大阪の強豪校、浪速高校の練習を収録したDVDシリーズ2本目です。
チャプターが多いので3本に分けてシェアしたいと思います。
まずは前半です。
01・ストレッチ準備体操
02・理にかなう真半身の構え
03・攻防の反応力を磨く 連続ミット蹴り
04・しなやかな蹴りと柔らかい上体を作る 高速蹴りの攻防
【ストレッチ準備体操】
腕の付け根、肩甲骨回りをゆっくり入念にストレッチです。
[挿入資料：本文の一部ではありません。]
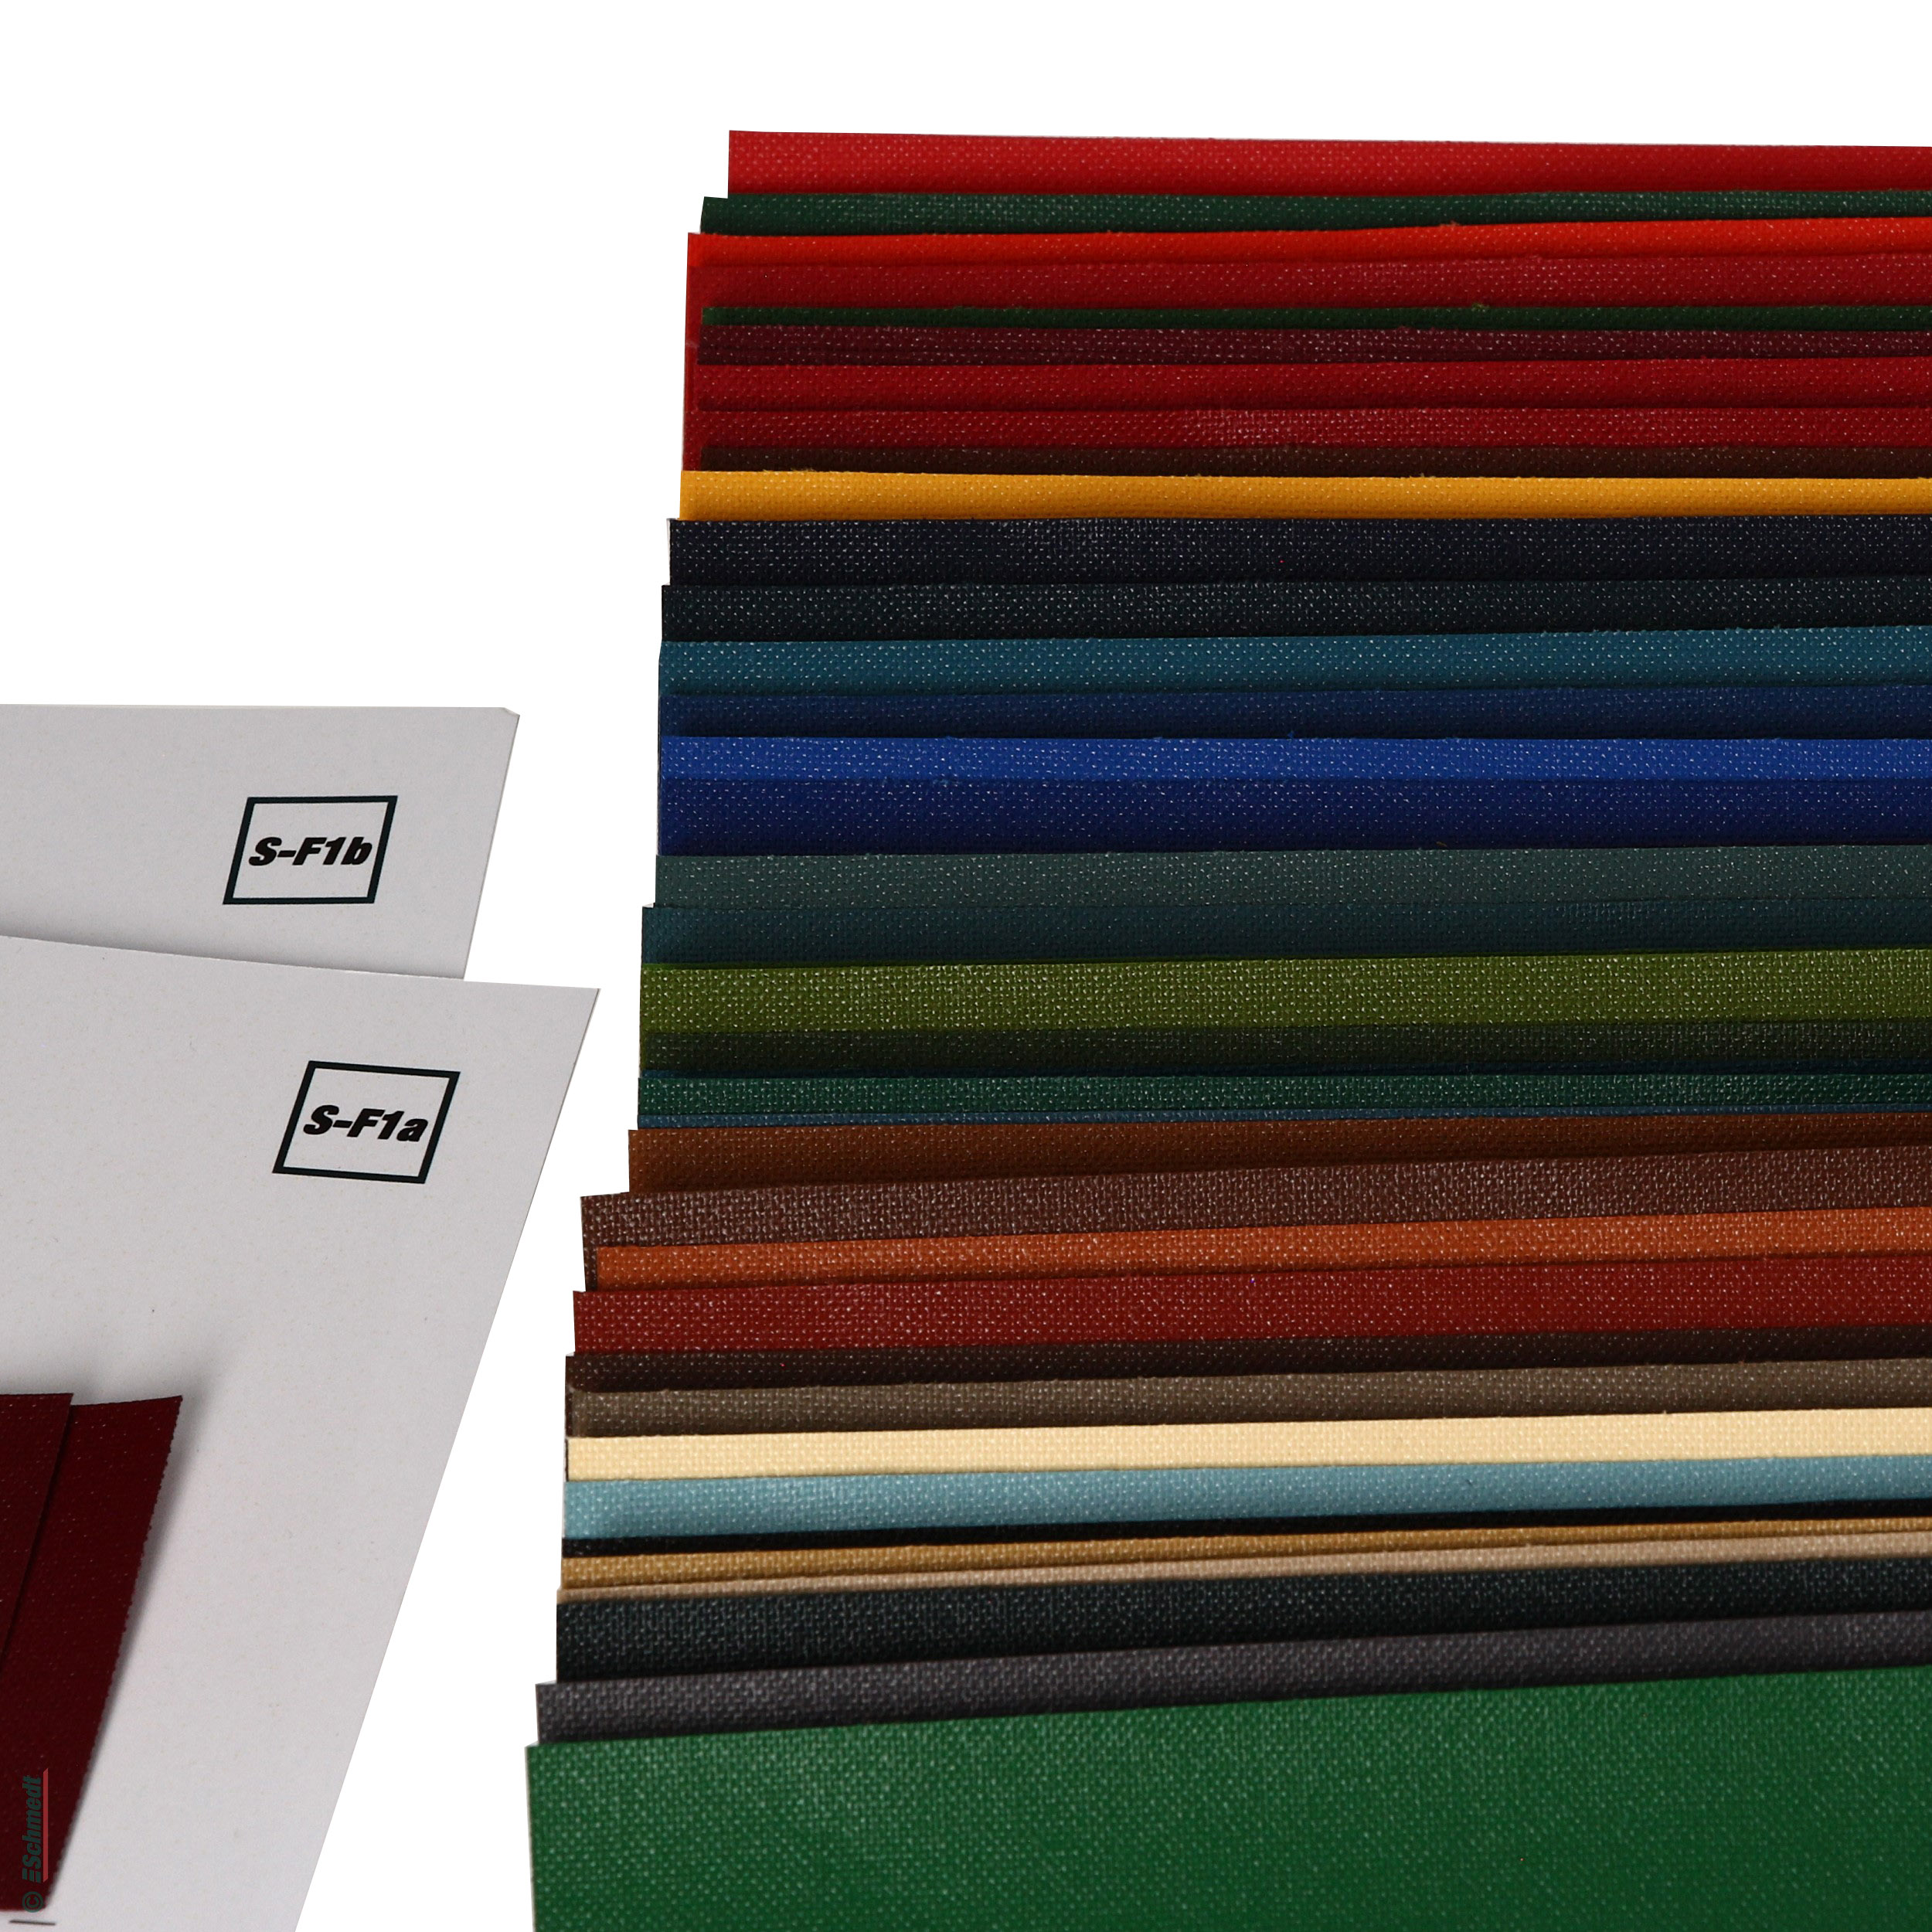 Paquete de muestras - Englisch Buckram - tela de biblioteca - Paquete de muestras con muestras DIN A4 de los 46 colores estándar.... - imagen-1

可動域が大きいと長い突きを放てますので組手選手は特に大事にしているのではないでしょうか。
他には両腕を頭上で組み脇腹を捻じるようにストレッチしたり、振り子のように足を振り回し股関節回りを緩めています。
次は、一列に並び動的ストレッチ。
ここでも肩甲骨回りを前後左右に伸ばしながらです。
腿裏を踵でタッチしたり、カリオカで腰回りをツイストしたり、足上げで股関節回りを緩めています。
下半身を使ってサイドにウィービングしたり、ジョグ・サイドステップ・ダッシュでした。
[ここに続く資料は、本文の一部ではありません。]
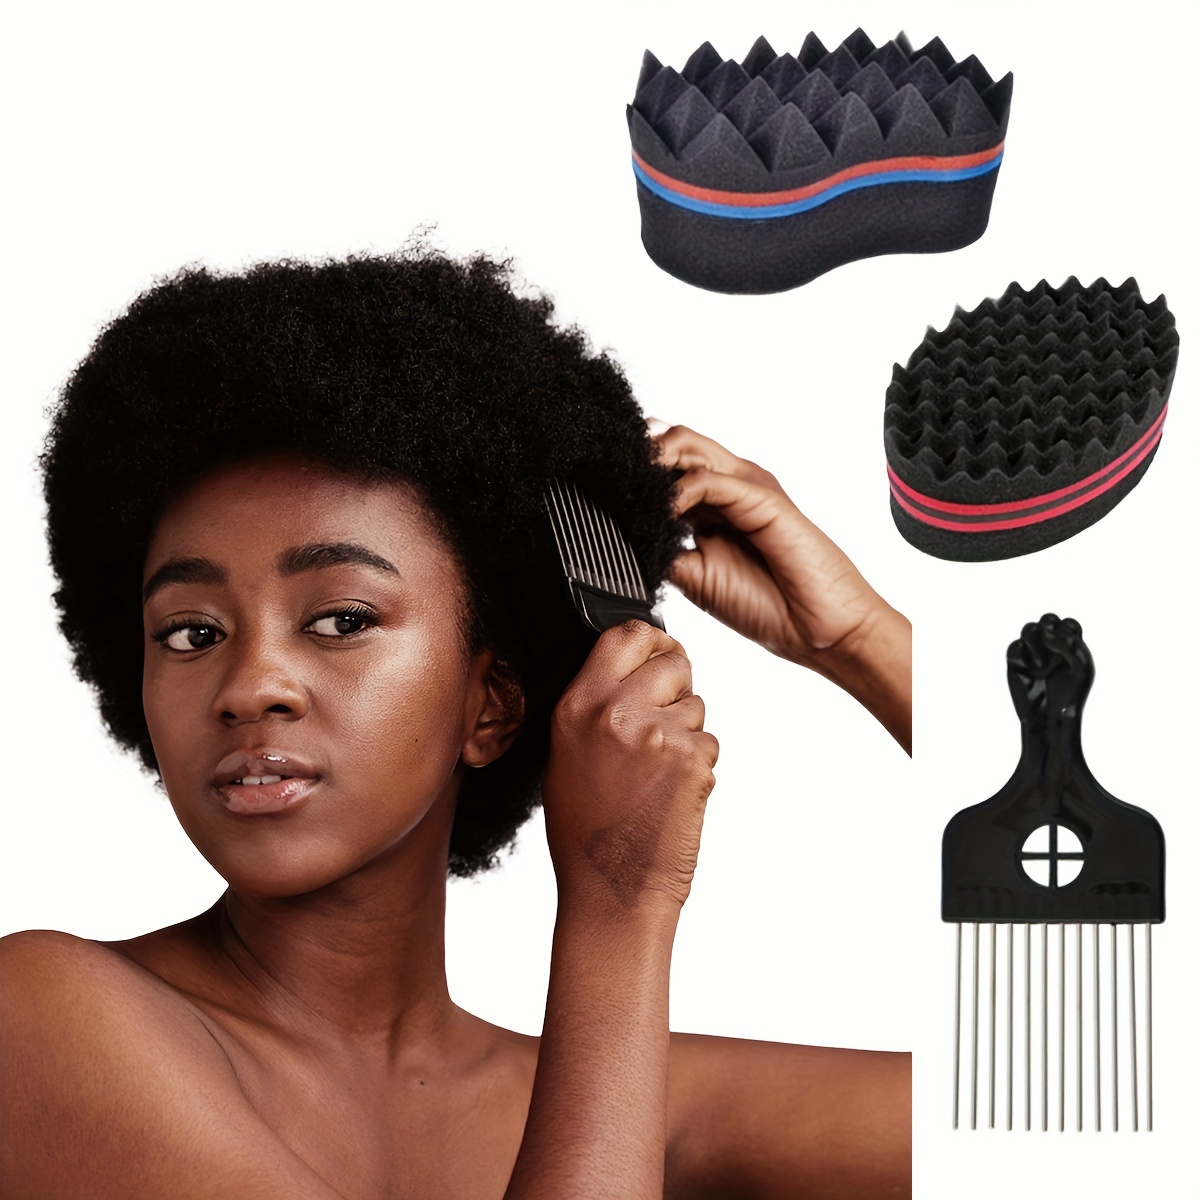 Éponge cheveux twist/Peigne/Gants - Kit Afro Twist

ステップワークでは、両足抱え込みジャンプや、その場で足を高速で入れ替え・サークルに回ったり、組手構えでスイッチでした。
【理にかなう真半身の構え】
構えについて説明です。
今井監督は、今(当時)の組手競技にマッチした自身の考えを論理的に説明されます。
昔と今の違い。
なぜこうするのか。
昔のままだとどんなデメリットがあるのか。
競技空手は当然の如く、年々進化(変化)していきます。
当時は効果的だと考えられていた技術も対策を練られ通用しなくなったりしますね。
共通したルールの中で、試行錯誤しながら独自のスタイルが生み出されていきます。
競技空手もまた、生き物と同じで変化を繰り返していきます。
練習に入る前に意図を説明されますが、とても分かり易い言葉でスッと頭に入ってきます。
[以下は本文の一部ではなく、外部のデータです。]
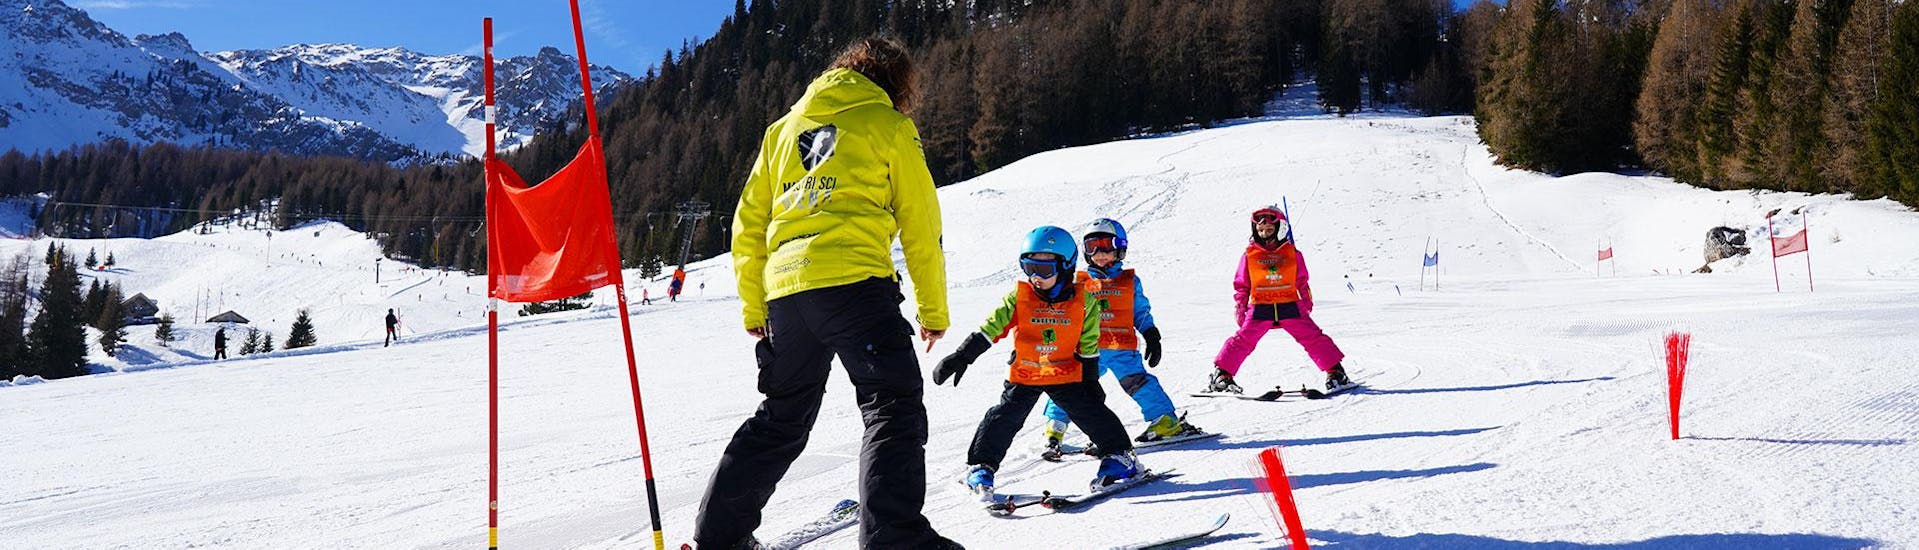 Lezioni di sci per bambini con esperienza (4-14 a.).

この真半身の構えは、『競技の達人』でお馴染みの月井 新先生のDVDでもまったく同じこと内容を触れられており、2024年現在でも有効とされる構え方です。
真身がなぜいけないのか、簡単に説明するとこうです。
・真身に構えると、自分から相手の突きを迎えに行く(急所を晒しているから)
・国際大会や強豪校と対戦する時、真正面(顔)から入ると裏回し蹴りをもらう(両足が前に向いてるので前に出る推進力で後ろに反応が出来ない)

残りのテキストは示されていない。